Ci sono parole che sembrano appartenere a un’altra epoca, troppo grandi per i nostri tempi veloci.
Redenzione e perdono sono tra queste.
Le sentiamo associate a vecchi libri religiosi, a sermoni domenicali, a un linguaggio che sembra distante. Eppure, se le si osserva bene, sono tra le esperienze più profonde e necessarie della vita umana. Hanno a che fare con la possibilità – reale – di cambiare, di guarire, di ricominciare. Con il bisogno che tutti, prima o poi, abbiamo: essere perdonati e imparare a perdonare.
Ma cosa significano davvero? E perché ancora oggi, in un mondo iperconnesso e ipercritico, hanno una forza così potente?
Redenzione non è un termine astratto. È la parola che usiamo quando parliamo di chi ha toccato il fondo e ha trovato la forza di risalire. Non è solo una faccenda di fede: è un movimento dell’anima, spesso doloroso, sempre profondo. È la strada di chi si guarda allo specchio e non si riconosce, ma decide di non restare lì.
Sant’Agostino, per esempio, non era nato santo. Era un brillante intellettuale del IV secolo, ambizioso, assetato di piacere e riconoscimento.

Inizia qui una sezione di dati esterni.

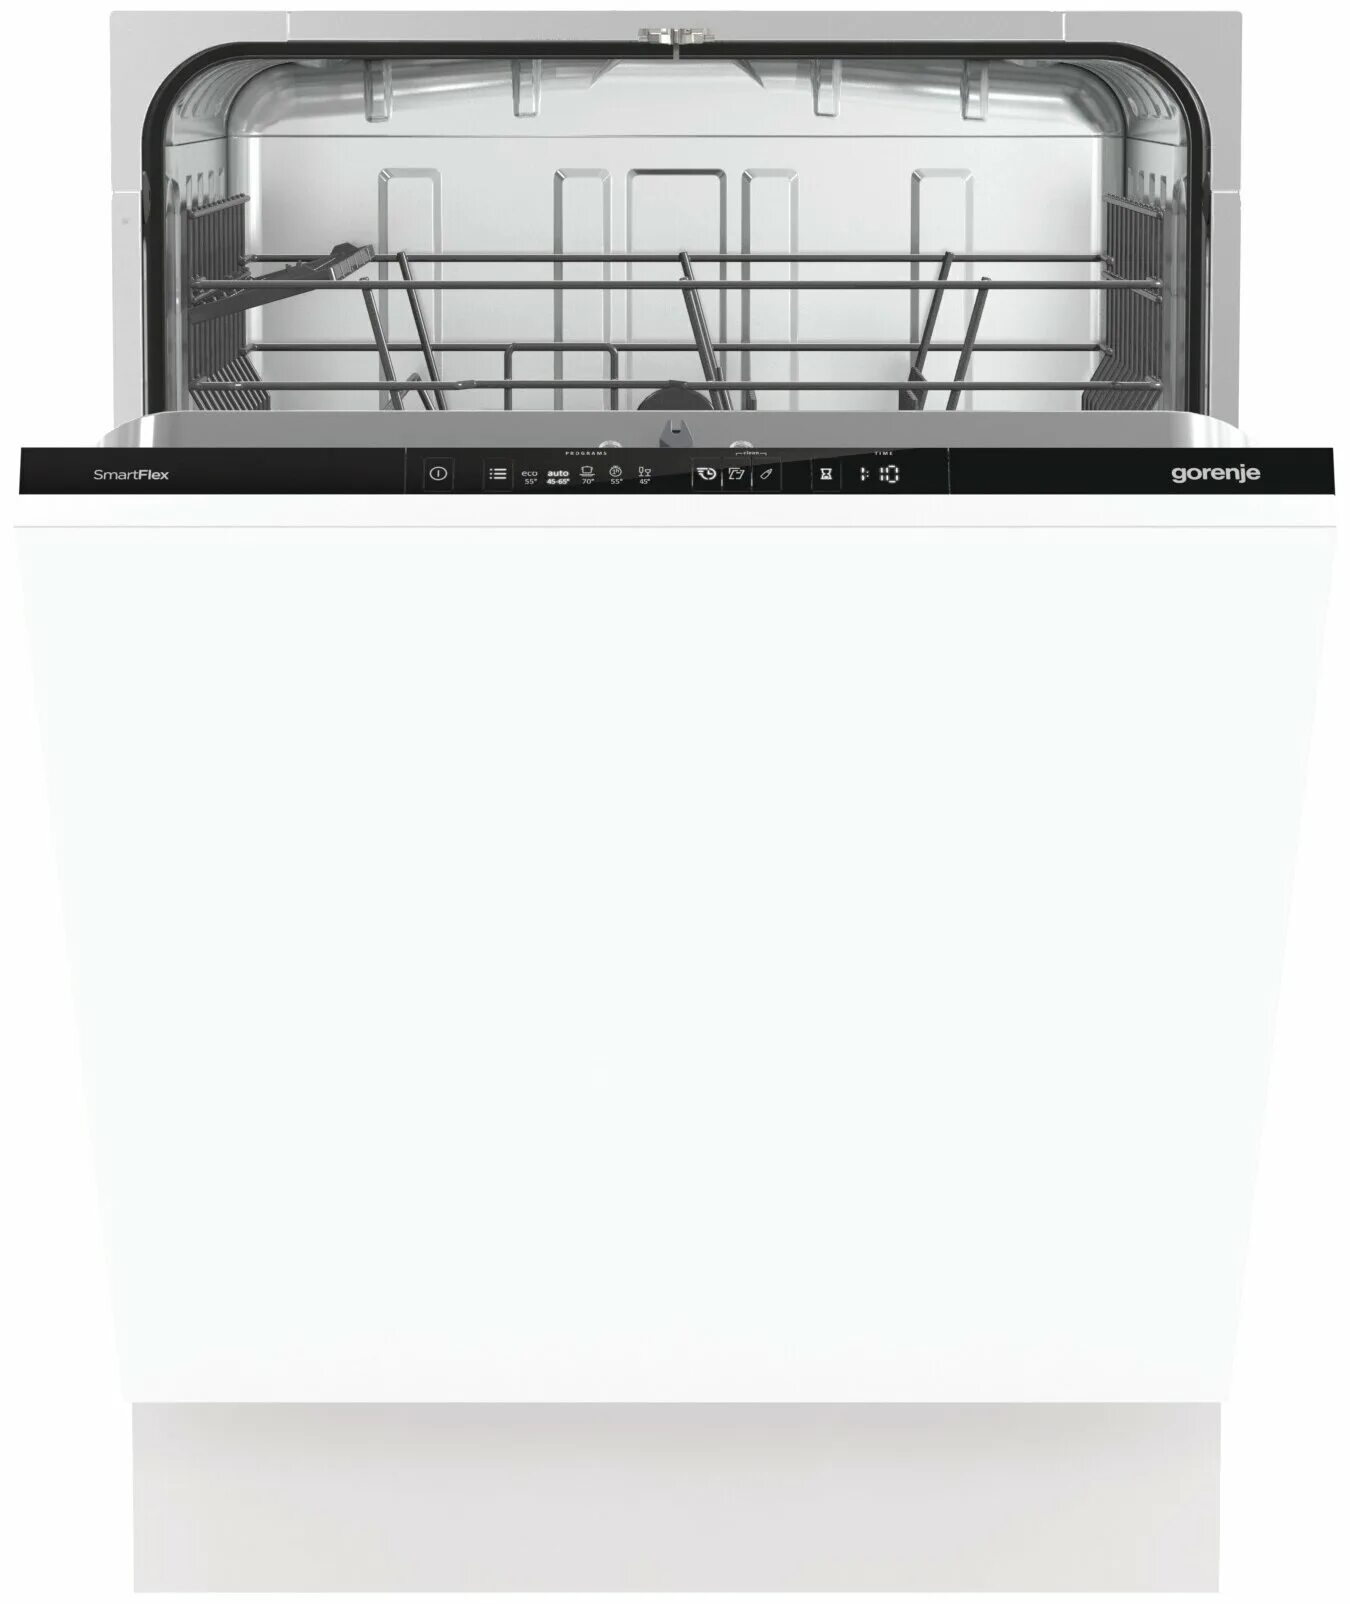 Посудомоечная машина Gorenje gv672c62. Встраиваемая посудомоечная машина 60 см Gorenje gv661d60. Машина посудомоечная Gorenje GV 661d60. Gorenje gv620e10. Посудомоечная горение отзывы

Ebbe un figlio fuori dal matrimonio, abbracciò per anni una filosofia alternativa al cristianesimo e visse, come racconta lui stesso, in un conflitto costante tra desiderio e verità. Non fu un colpo di fulmine spirituale a cambiarlo, ma un percorso graduale, fatto di delusioni, letture, amicizie, e soprattutto domande. Le sue Confessioni non sono un atto di autogiustificazione, ma il diario di un uomo che cerca se stesso. Il suo non è un miracolo, ma una trasformazione. Come tante che conosciamo, anche oggi.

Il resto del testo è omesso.